Sunday, September 21, 2008

あたしの町、明日の町


Finally I managed to drag myself to Barbican to see this exhibition.
On the last day, nonetheless!

I had originally planned to come before going back to Jakarta. However, packing up took more time than I originally planned, and it didn't help much that I chose to spend one day seeing a number of superbly preserved specimens of aesthetically arranged human cadavers.
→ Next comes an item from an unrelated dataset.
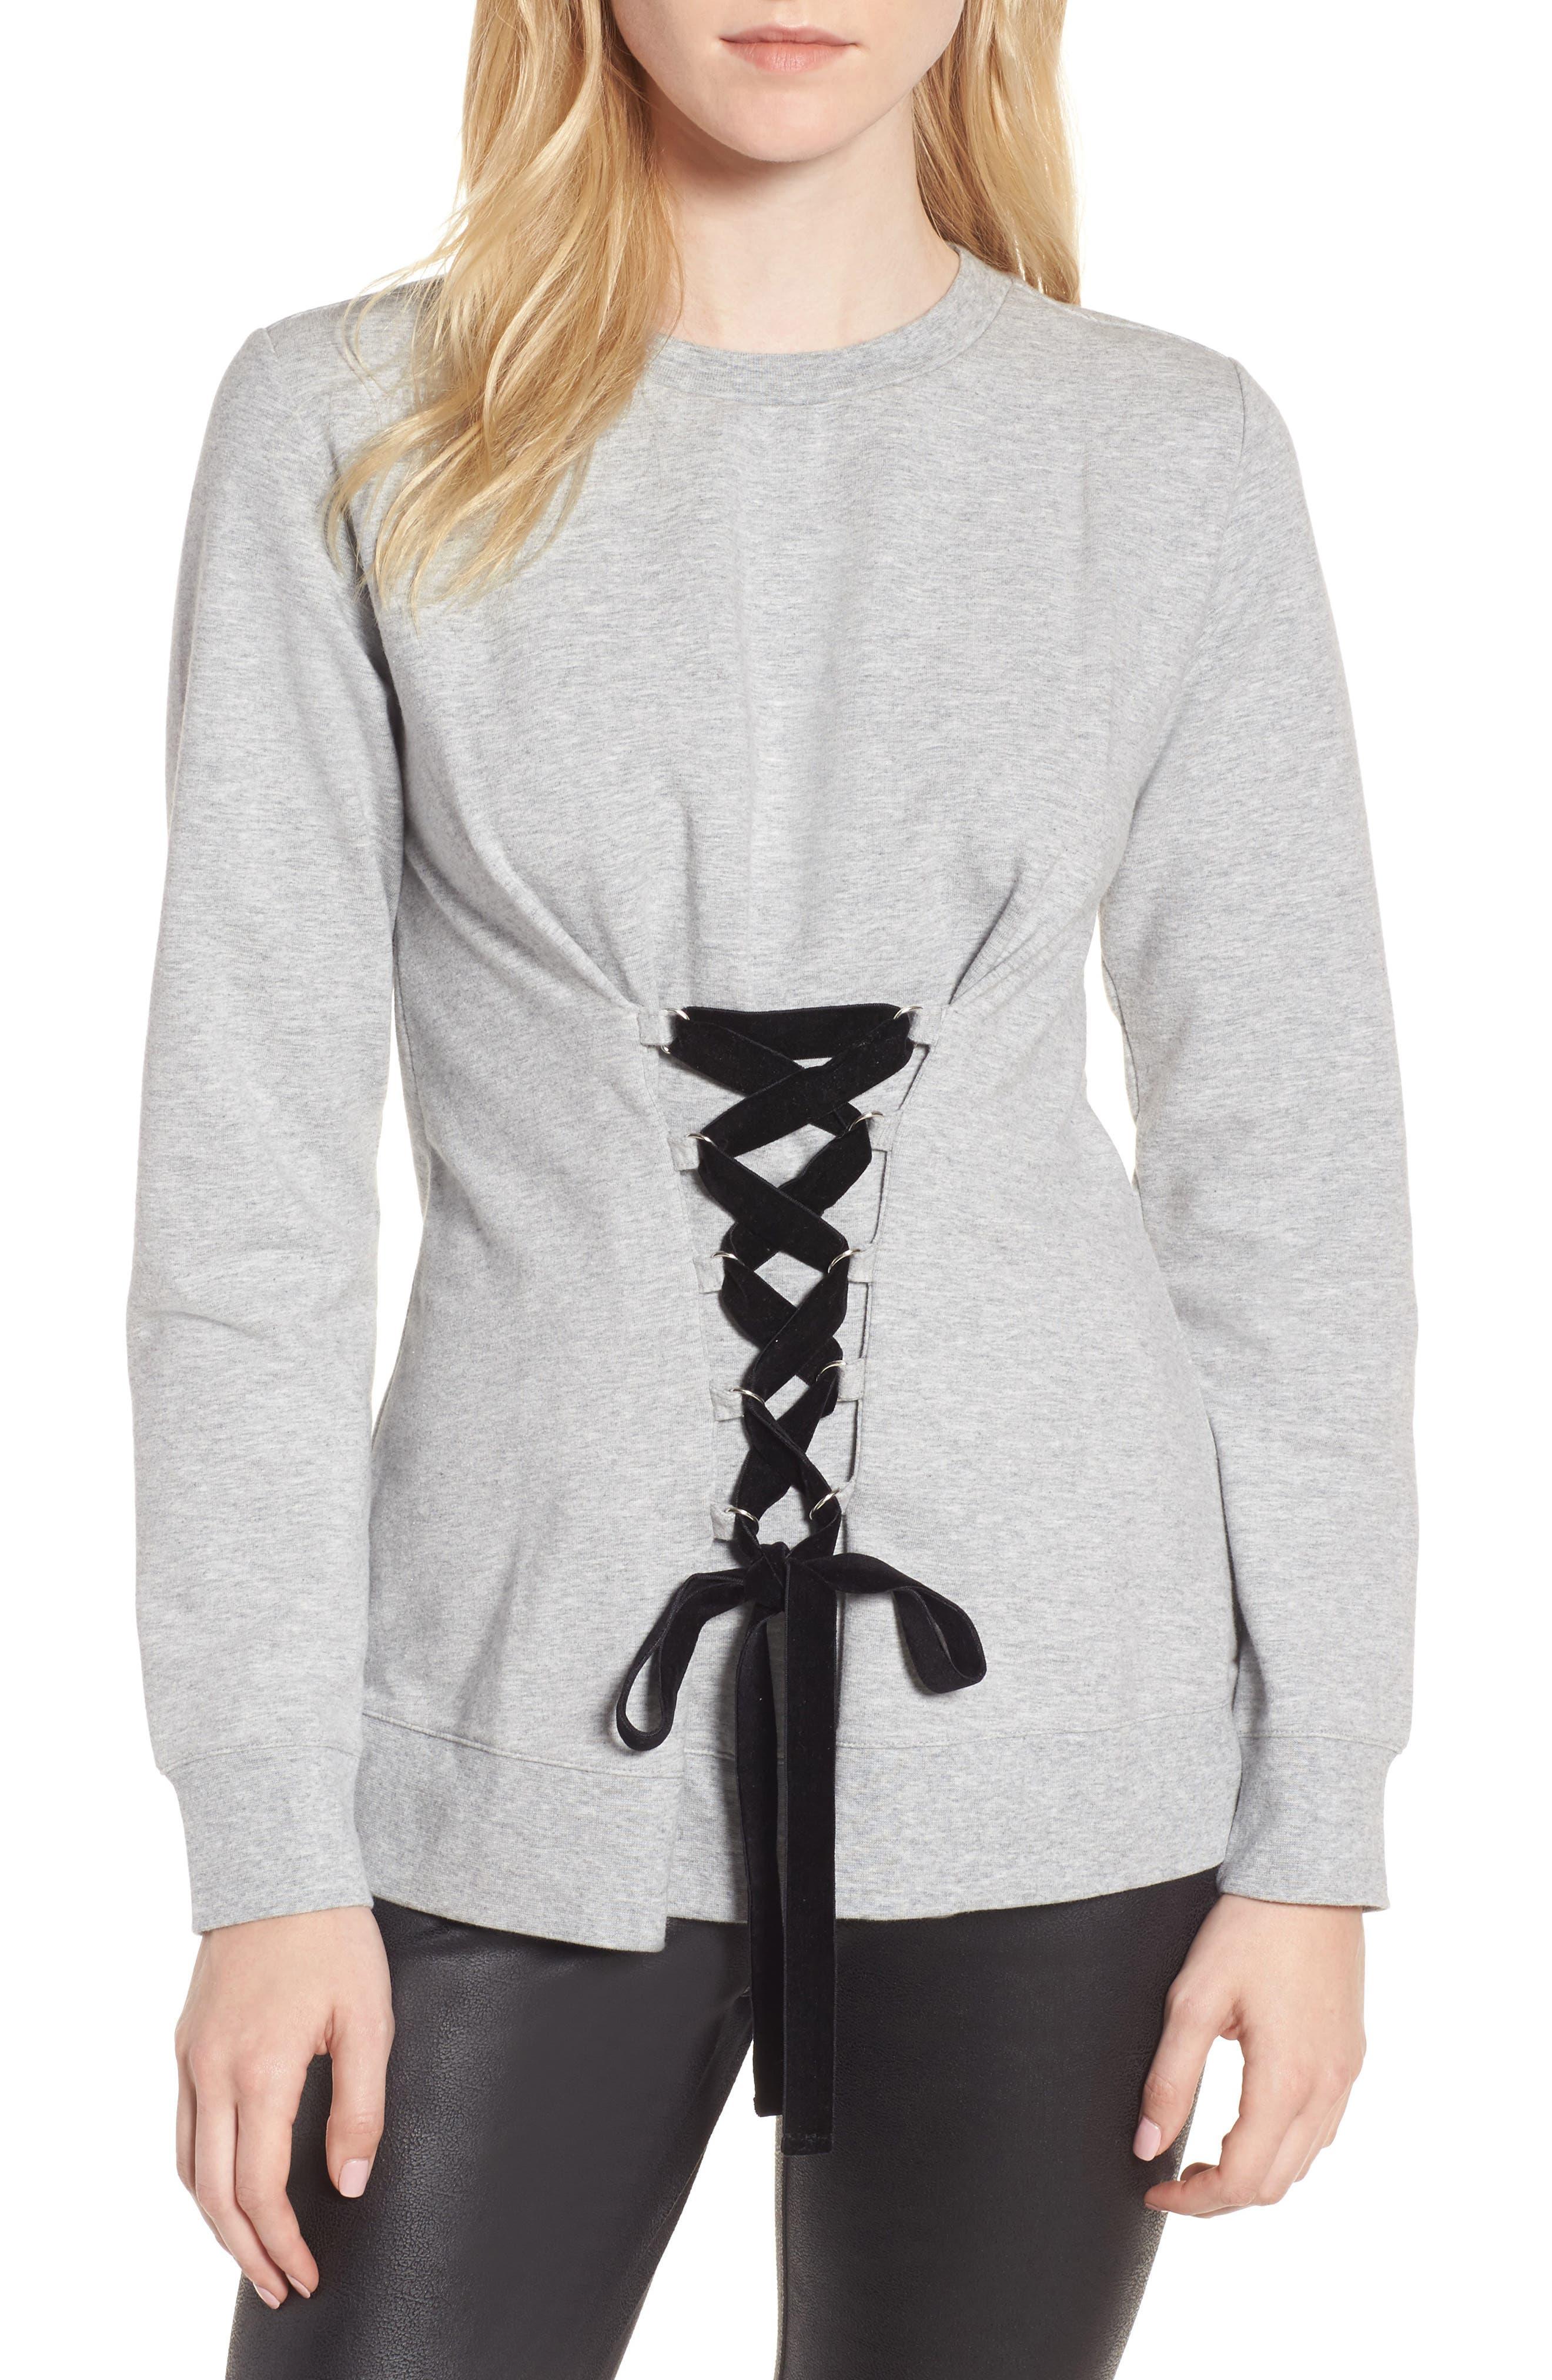 Main Image - Trouvé Lace-Up Sweatshirt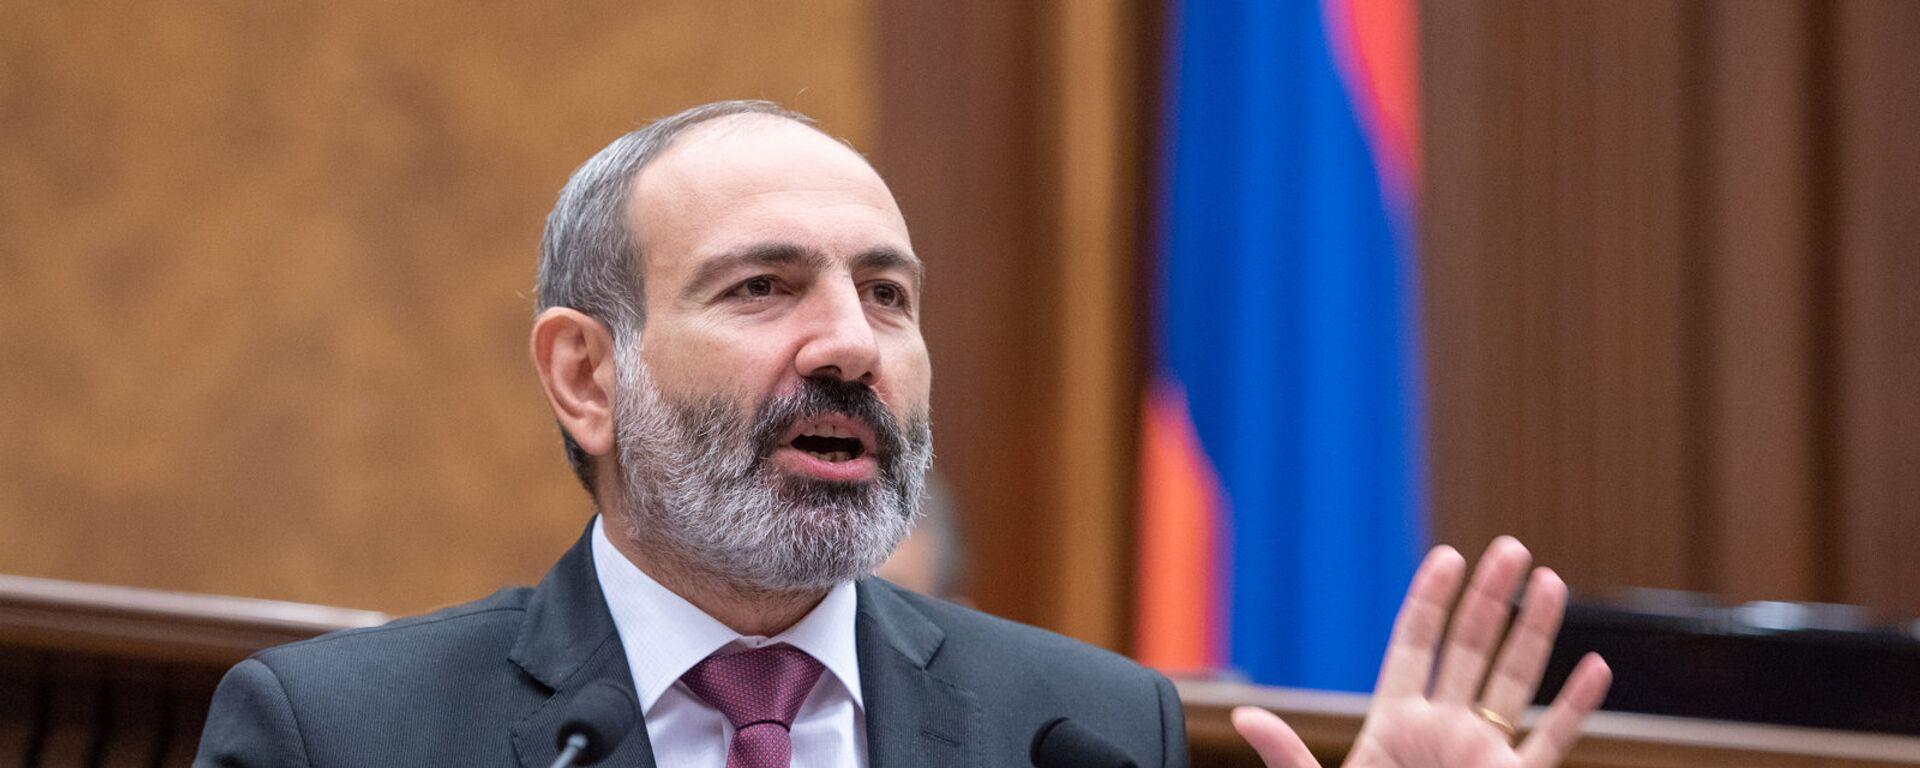 Nikol Pashinián, primer ministro de Armenia - Sputnik Mundo, 1920, 12.08.2021

Since V&R's run until September, I thought that it is wiser to go to Manchester first and Barbican after Jakarta. Which was fine, except that I seemed to conveniently gloat over newer exhibitions after returning. You'll notice that it wasn't on the list. There was nothing monumental about remembering the exhibition, really... other than the slight nudge that "it was a good exhibition". (Coming from Anne, who is averse to spend money and rather disinterested in many things, it was enough indication that I'd better make the effort to go.)

A few things I noted:
White PVC/satin dresses installation
Captivating, and sublimely spooky.

The perfume hoax
So, one could technically eke off the wax top of the hoax perfume bottle? Or maybe shatter/cut the glass bottle and extract the perfume onto another re-closeable storage space? Or is it just 'plain' yellow liquid?
I want one to play with. No, wait... I think I want a few.

Mini-tiny-weeny dresses
The structural seams of the grey strapless dress were left unfinished. Was it genuinely because of 'fabric thickness consideration', or 'no overlocker small enough', or 'not enough time to pull this off'? Hrm. But they did hand-sew the hem facing's top edge.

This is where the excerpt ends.